» EXERCISE REQUIREMENTS: Every line of the listing must be reproduced as it stands. Leave the images behind.

» DATASET SECTION:
Segment Open
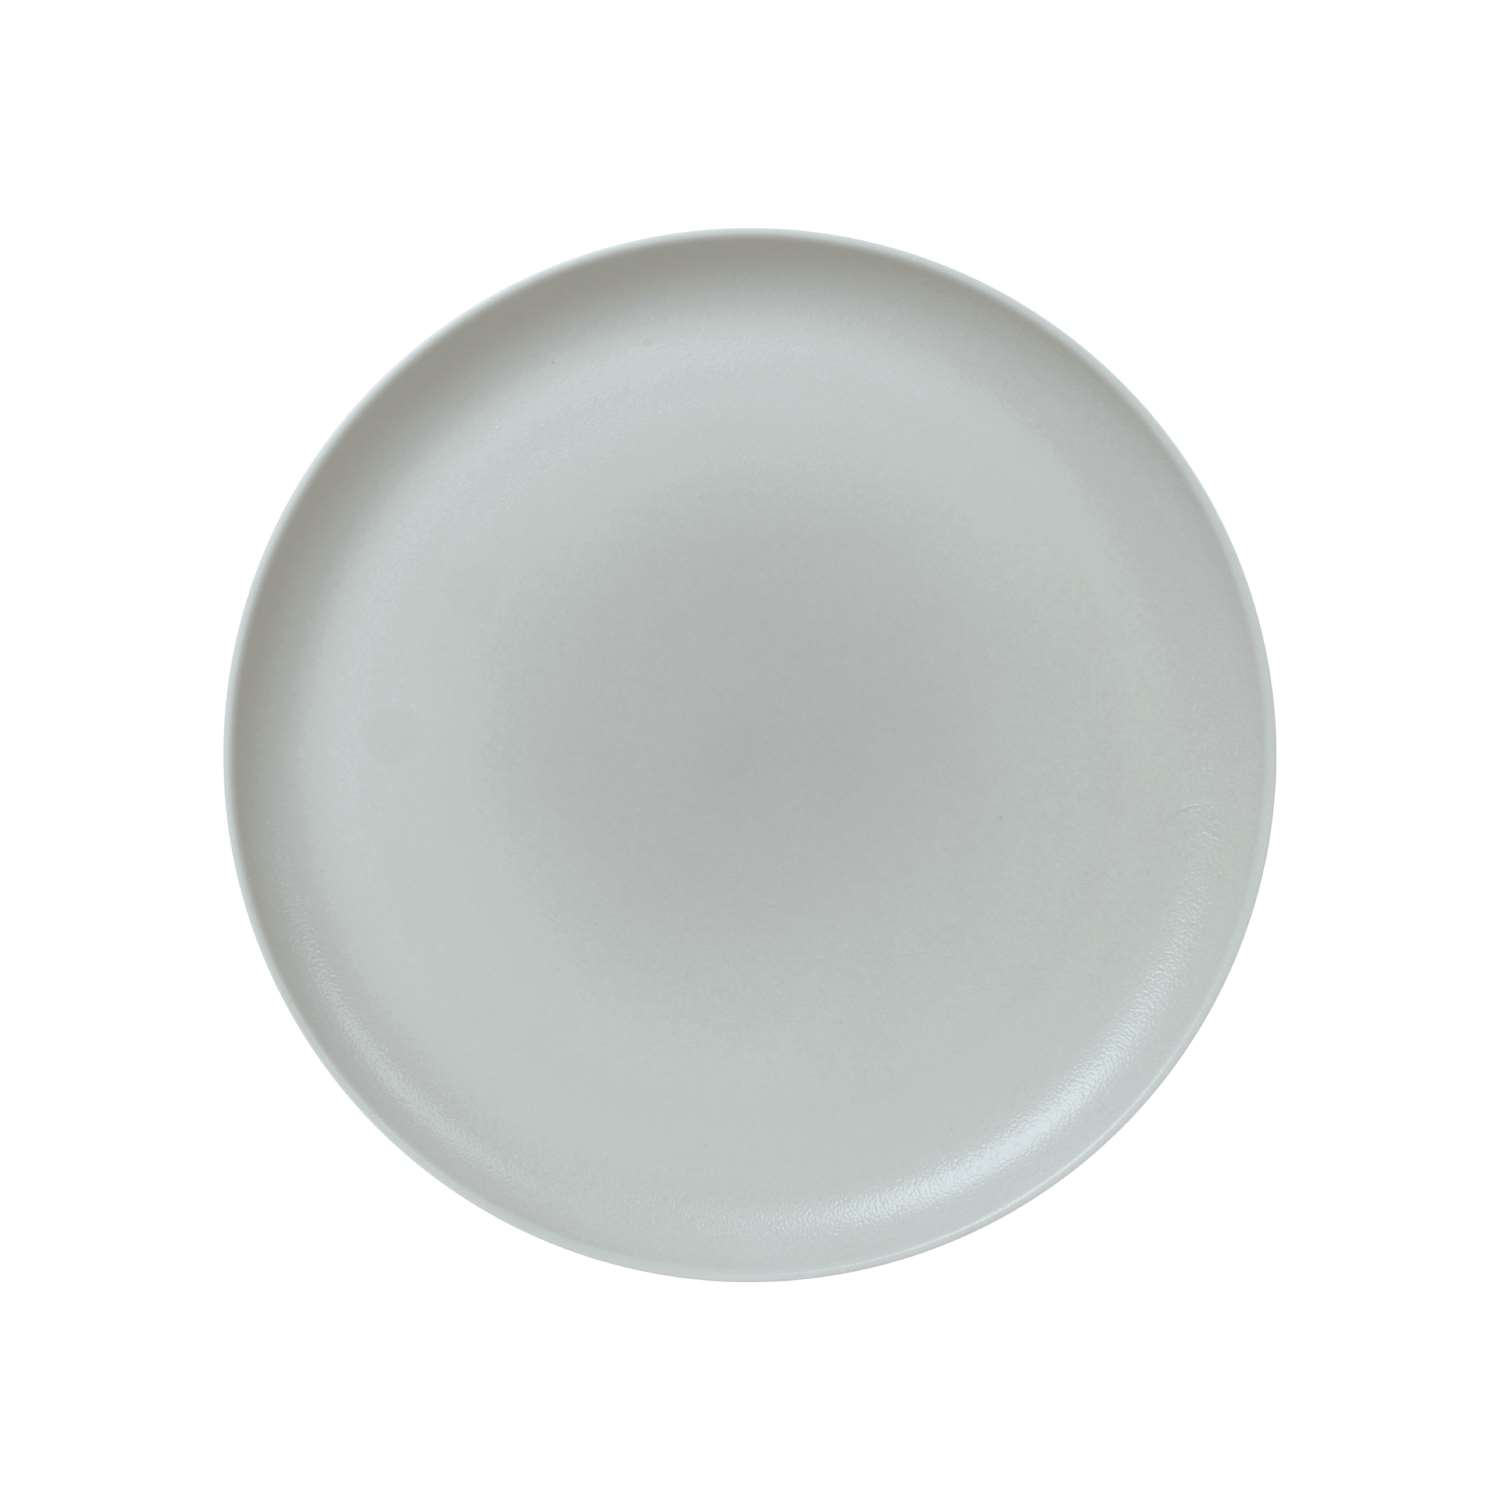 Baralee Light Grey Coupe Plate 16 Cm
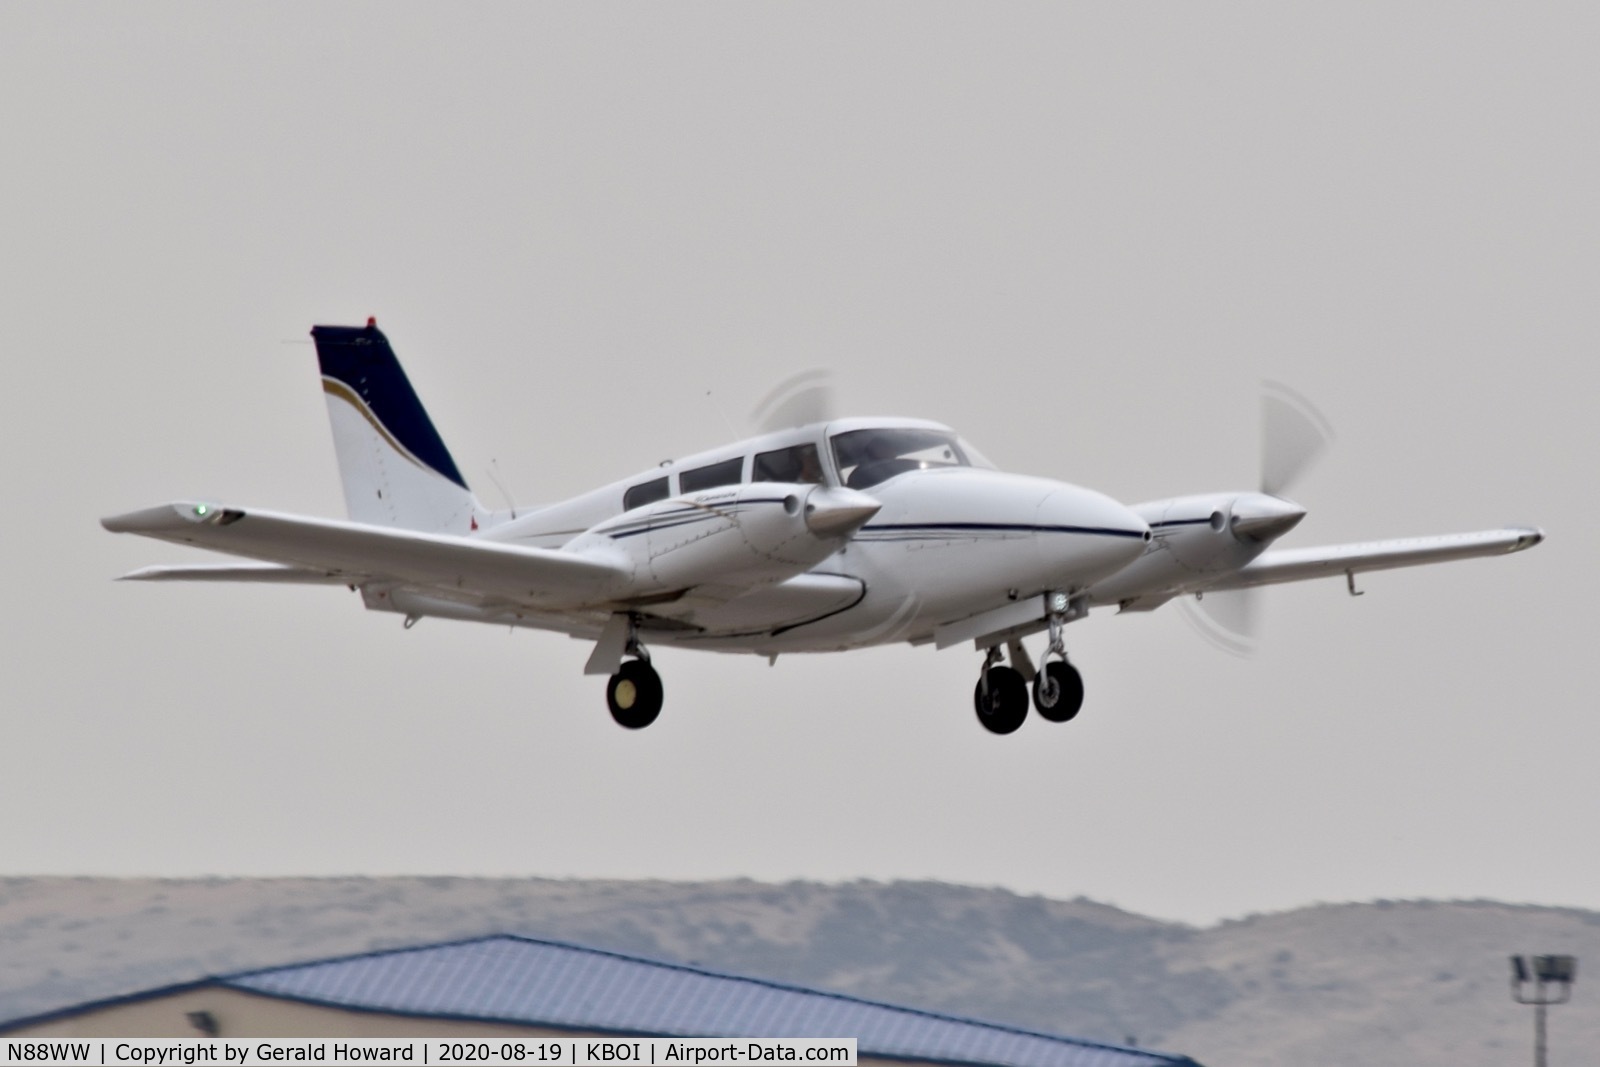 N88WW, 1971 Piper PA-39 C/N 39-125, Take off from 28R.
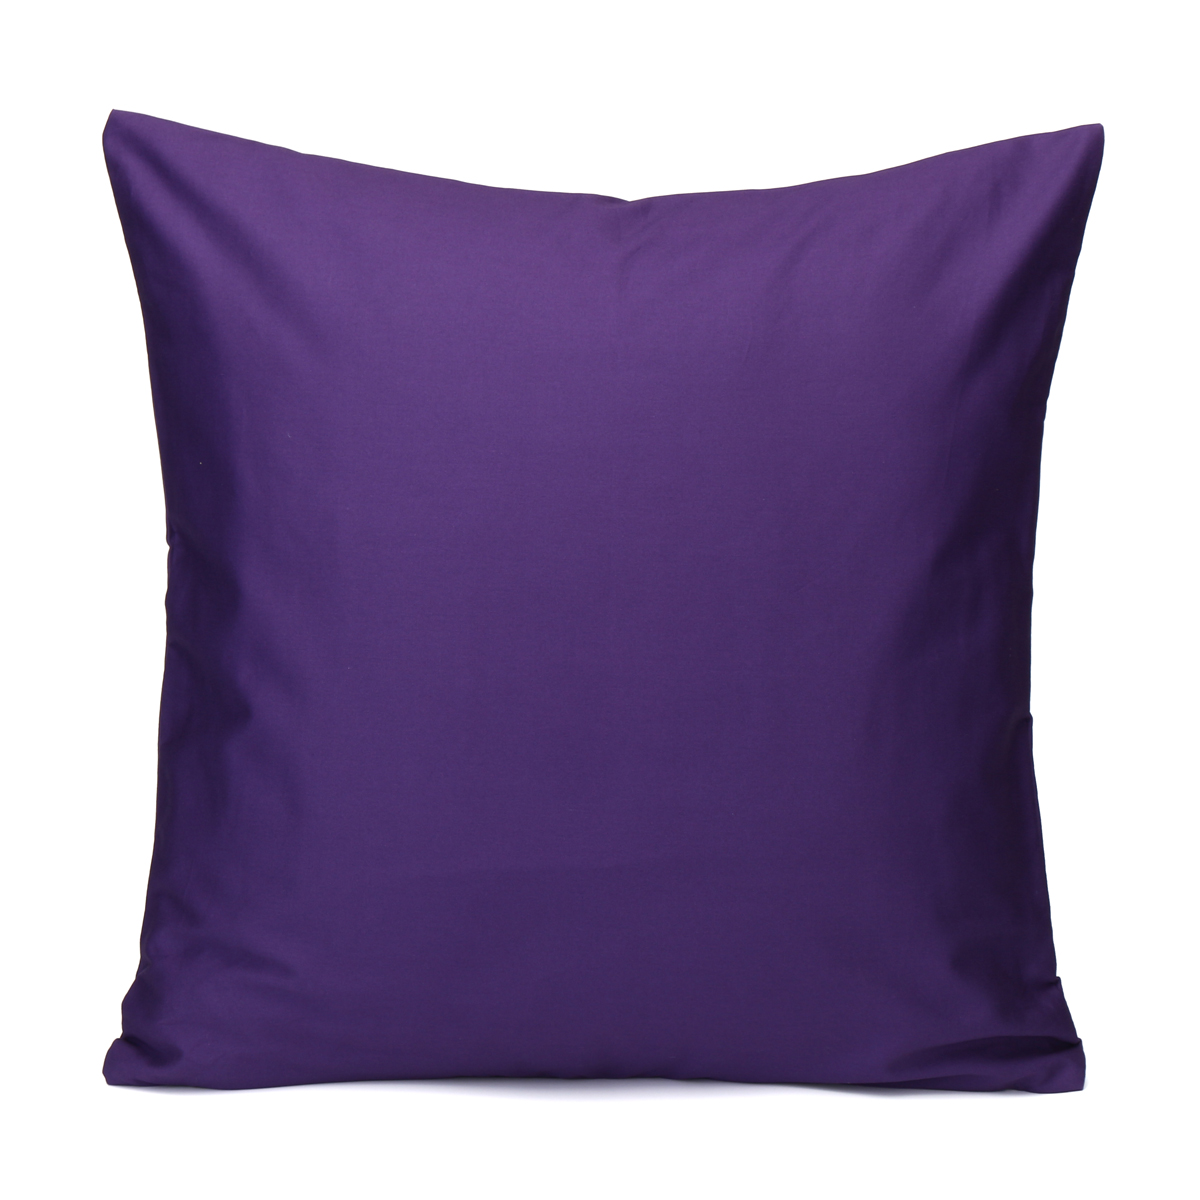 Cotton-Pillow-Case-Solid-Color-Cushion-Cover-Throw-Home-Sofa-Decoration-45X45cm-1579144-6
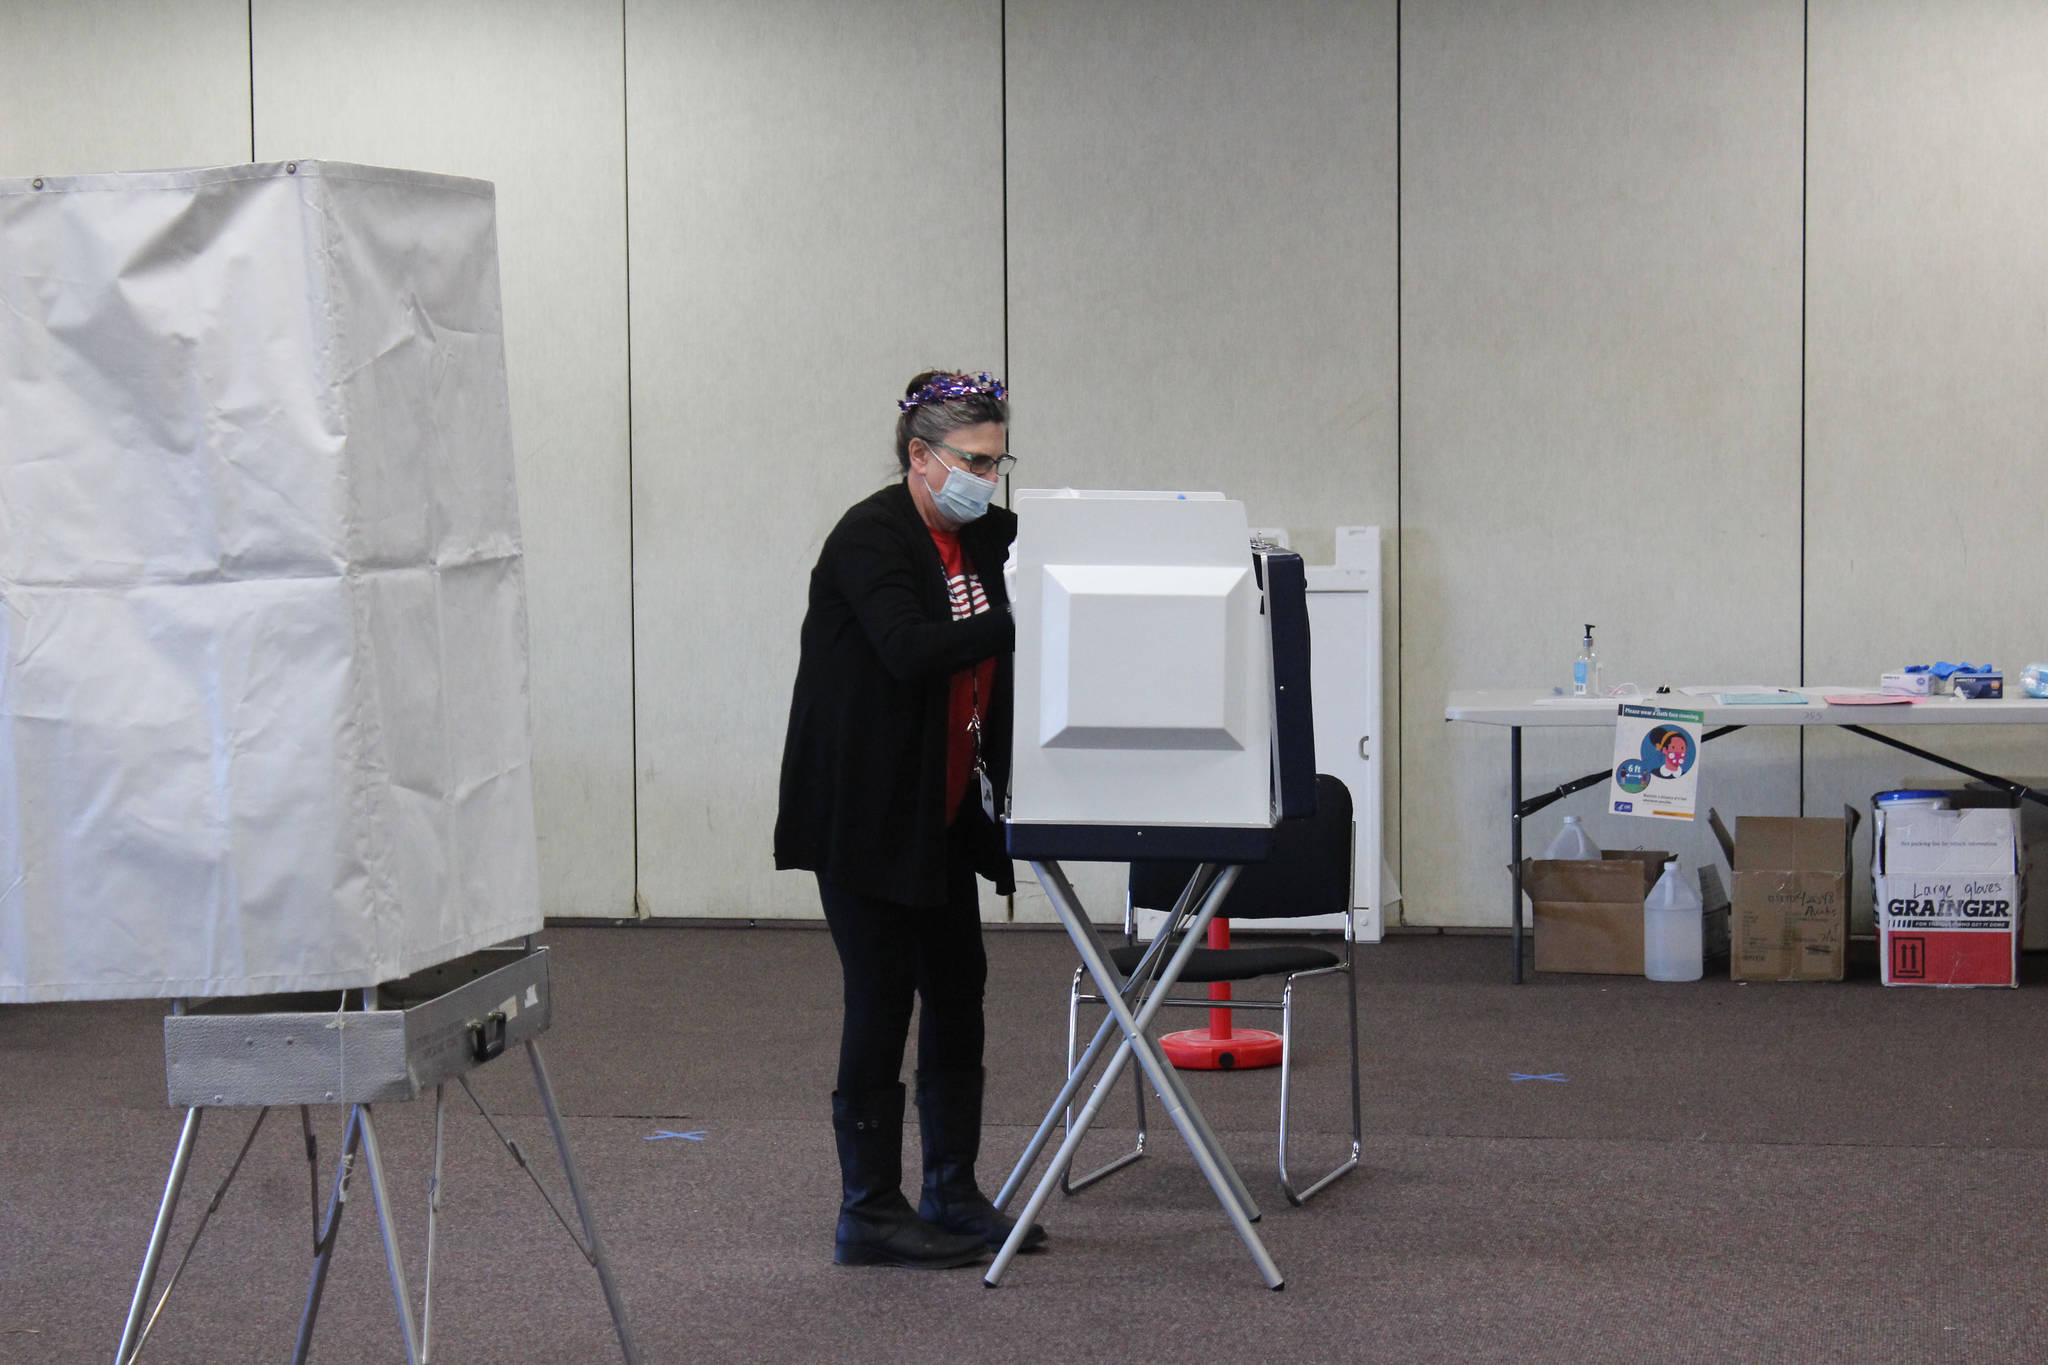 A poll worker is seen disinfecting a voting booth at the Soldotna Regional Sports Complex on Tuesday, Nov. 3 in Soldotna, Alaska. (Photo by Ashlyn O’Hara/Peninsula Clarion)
Segment Closed
» THE ANSWER:
 Baralee Light Grey Coupe Plate 16 Cm
 N88WW, 1971 Piper PA-39 C/N 39-125, Take off from 28R.
 Cotton-Pillow-Case-Solid-Color-Cushion-Cover-Throw-Home-Sofa-Decoration-45X45cm-1579144-6
 A poll worker is seen disinfecting a voting booth at the Soldotna Regional Sports Complex on Tuesday, Nov. 3 in Soldotna, Alaska. (Photo by Ashlyn O’Hara/Peninsula Clarion)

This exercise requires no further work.